5.2 Terms and Conditions. Stock Options granted under the Plan
shall be subject to the following terms and conditions:
(a) Exercise Price. The exercise price per share of Stock
purchasable under a Stock Option shall be determined by the Committee
at the time of grant and may be less than 100% of the Fair Market
Value of the Stock as defined above; provided, however, that (i) the
exercise price of an Incentive Stock Option shall not be less than
100% of the Fair Market Value of the Stock (110%, in the case of 10%
Stockholder); and (ii) the exercise price of a Non-Qualified Stock
Option shall not be less than 85% of the Fair Market Value of the
Stock as defined above.
(b) Option Term. Subject to the limitations in Section 5.1,
the term of each Stock Option shall be fixed by the Committee.
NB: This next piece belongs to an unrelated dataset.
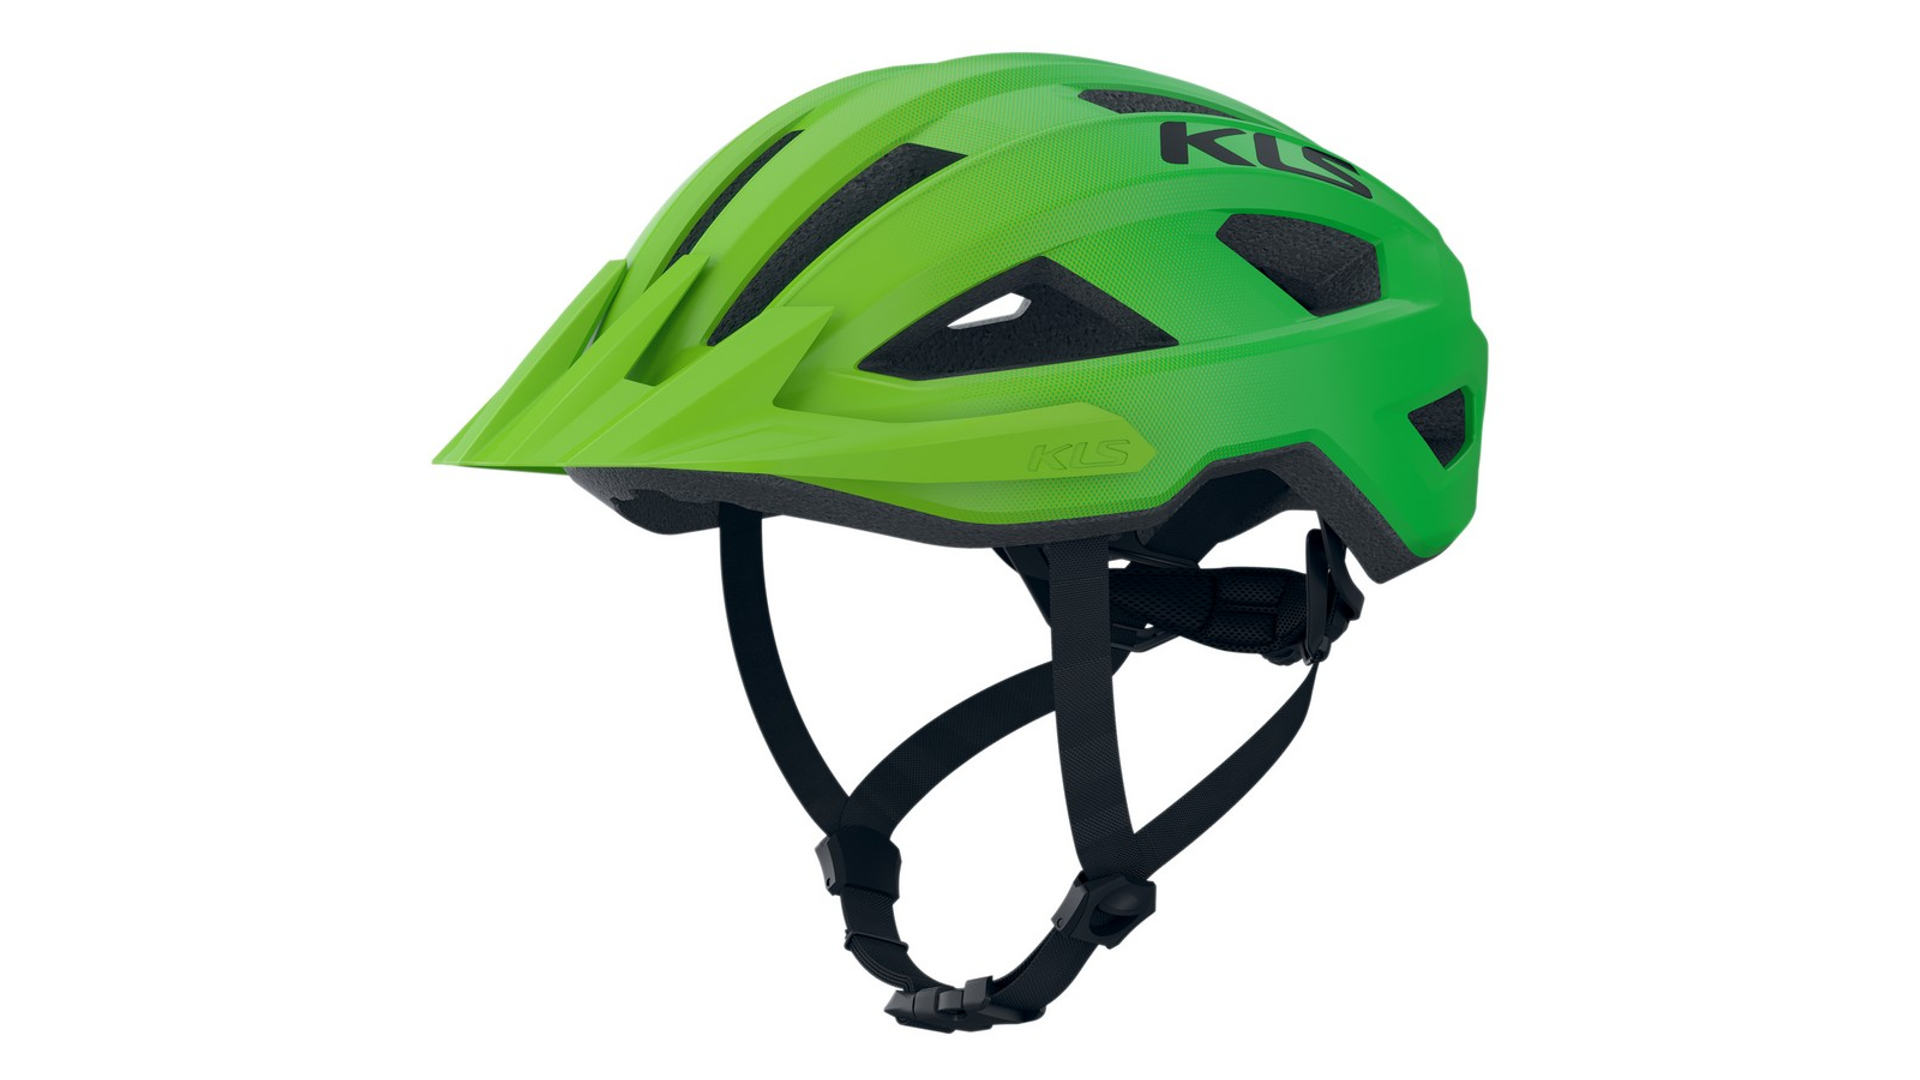 KELLYS Daze 022 MTB XC kerékpáros sisak, green, S/M (52-55 cm)
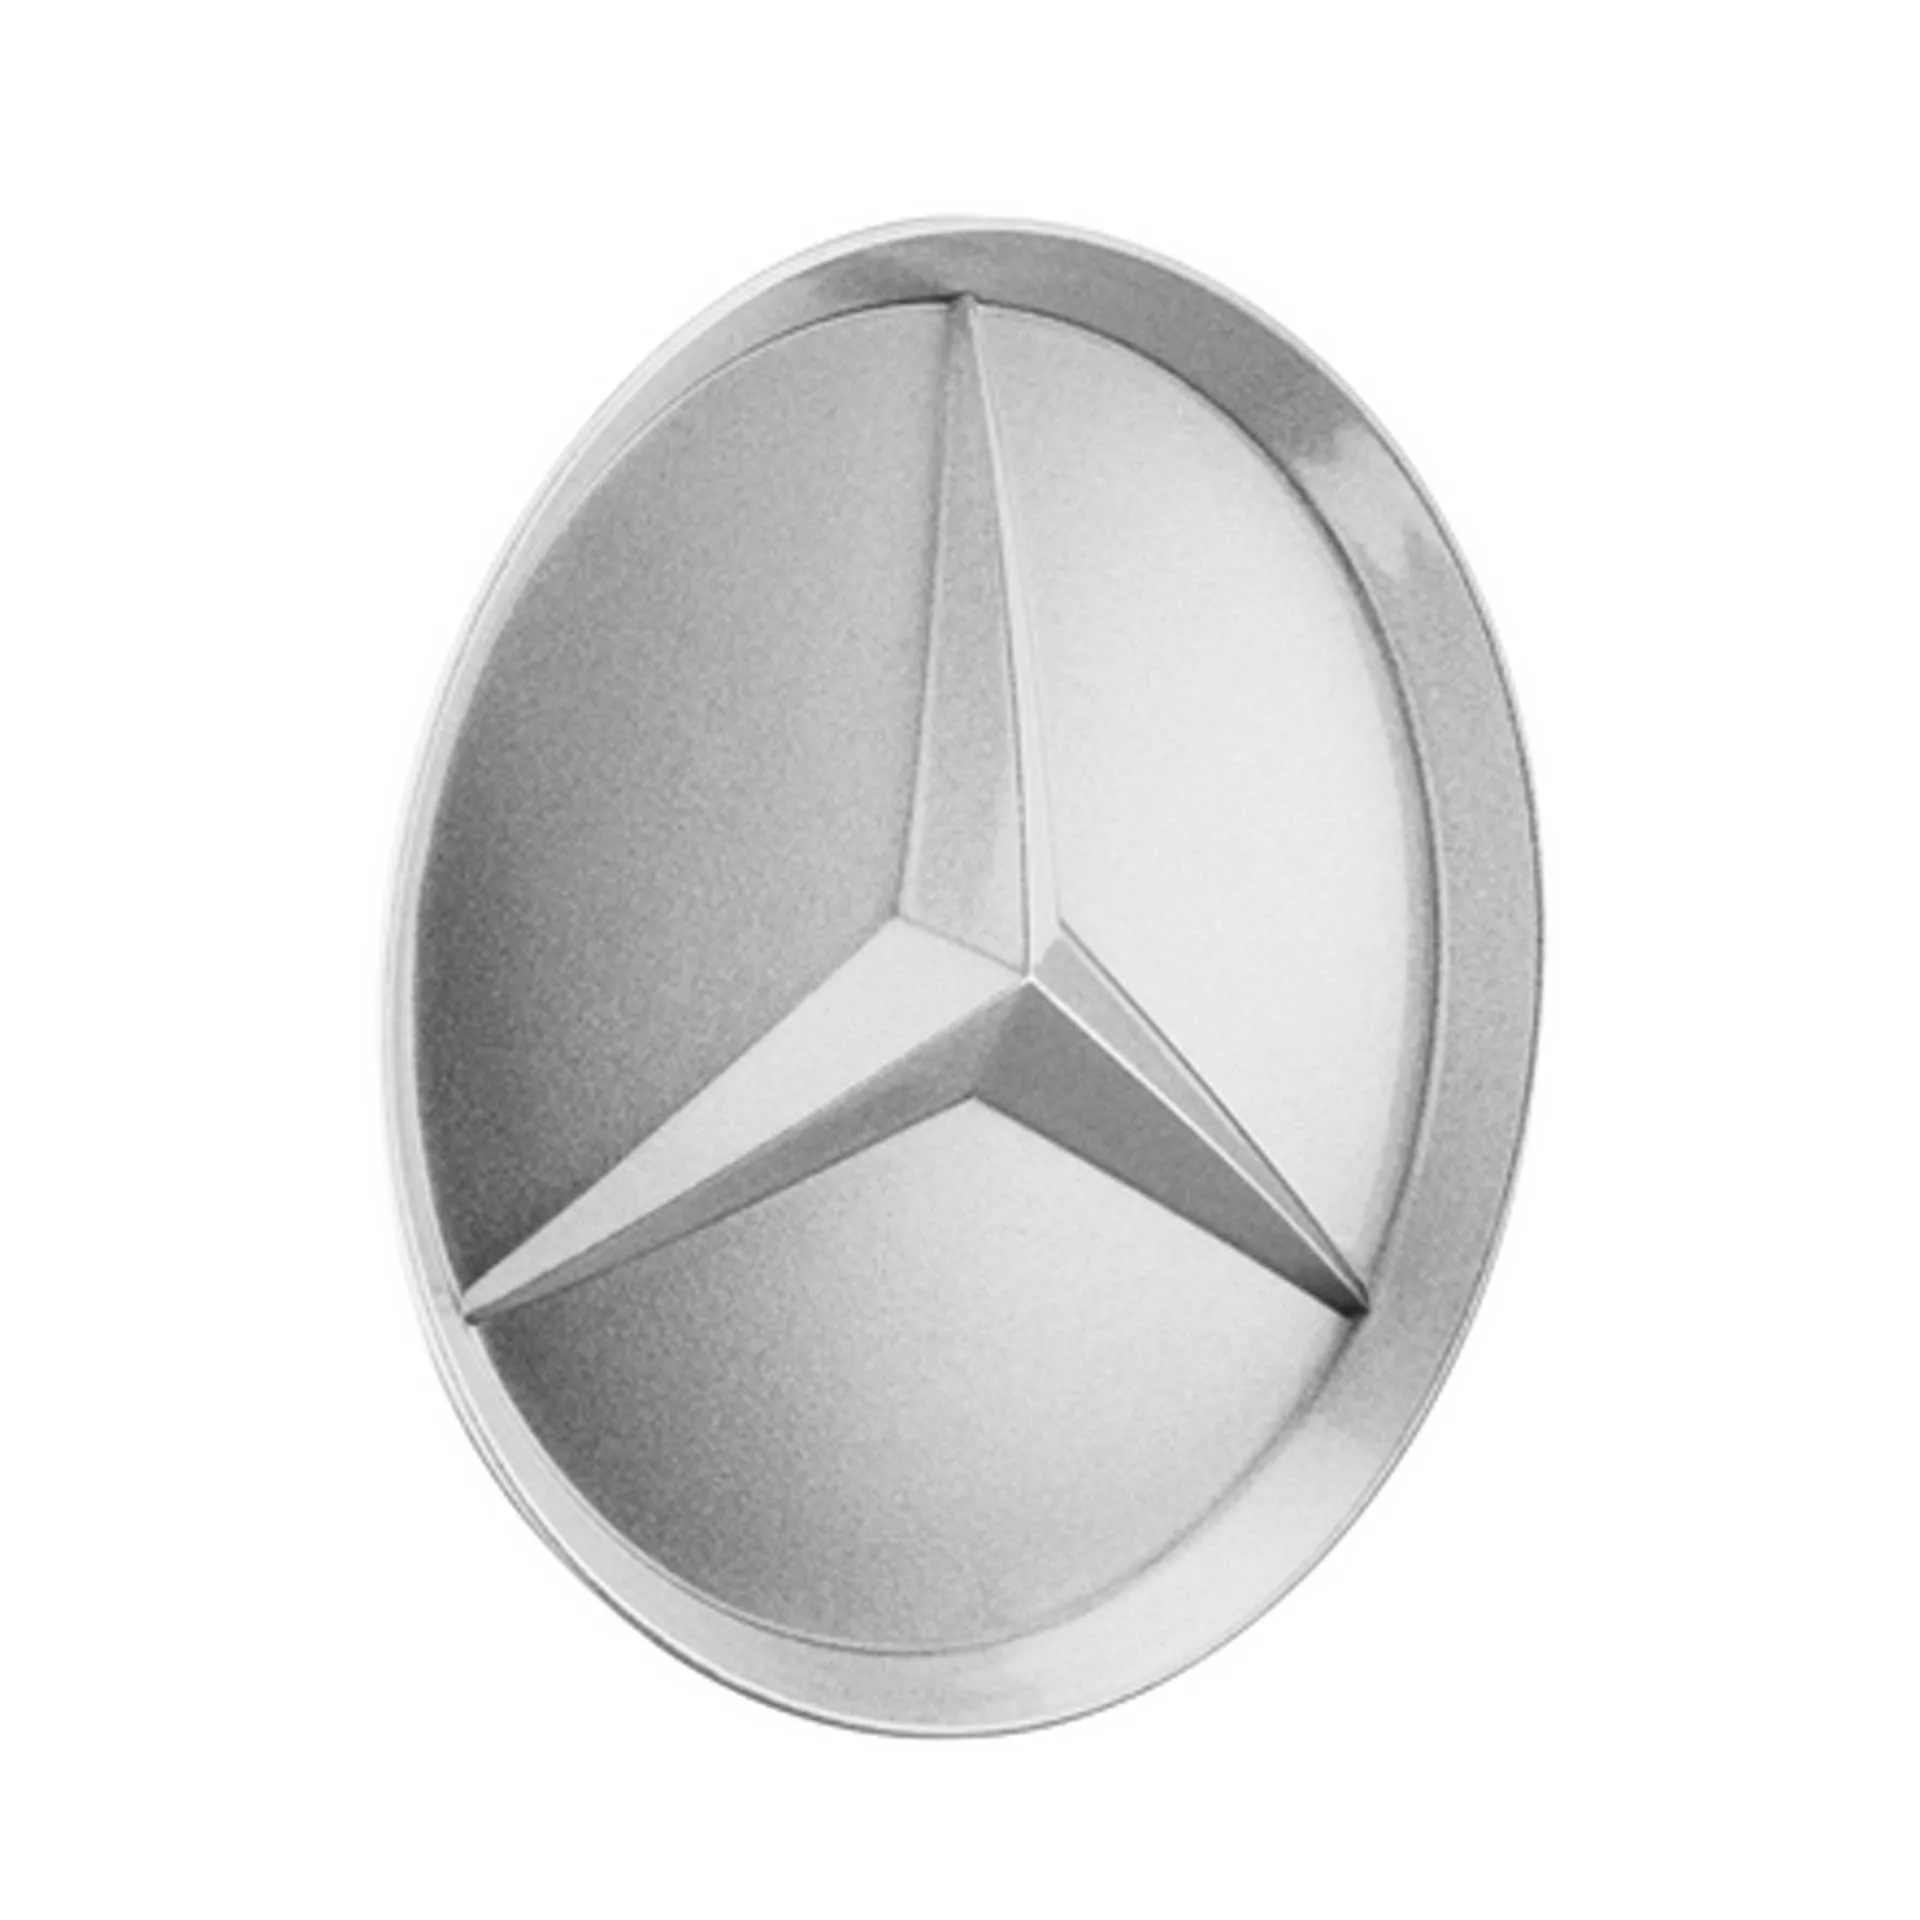 Mercedes-Benz Radnabenabdeckung Stern abgesenkt glanzsilber B66470203

(c) Exercisability. Stock Options shall be exercisable at
such time or times and subject to such terms and conditions as shall
be determined by the Committee. If the Committee provides, in its
discretion, that any Stock Option is exercisable only in installments,
i.e., that it vests over time, the Committee may waive such
installment exercise provisions at any time at or after the time of
grant in whole or in part, based upon such factors as the Committee
shall determine.
(d) Method of Exercise. Subject to whatever installment,
exercise and waiting period provisions are applicable in a particular
case, Stock Options may be exercised in whole or in part at any time
during the term of the Option, by giving written notice of exercise to
the Company specifying the number of shares of Stock to be purchased.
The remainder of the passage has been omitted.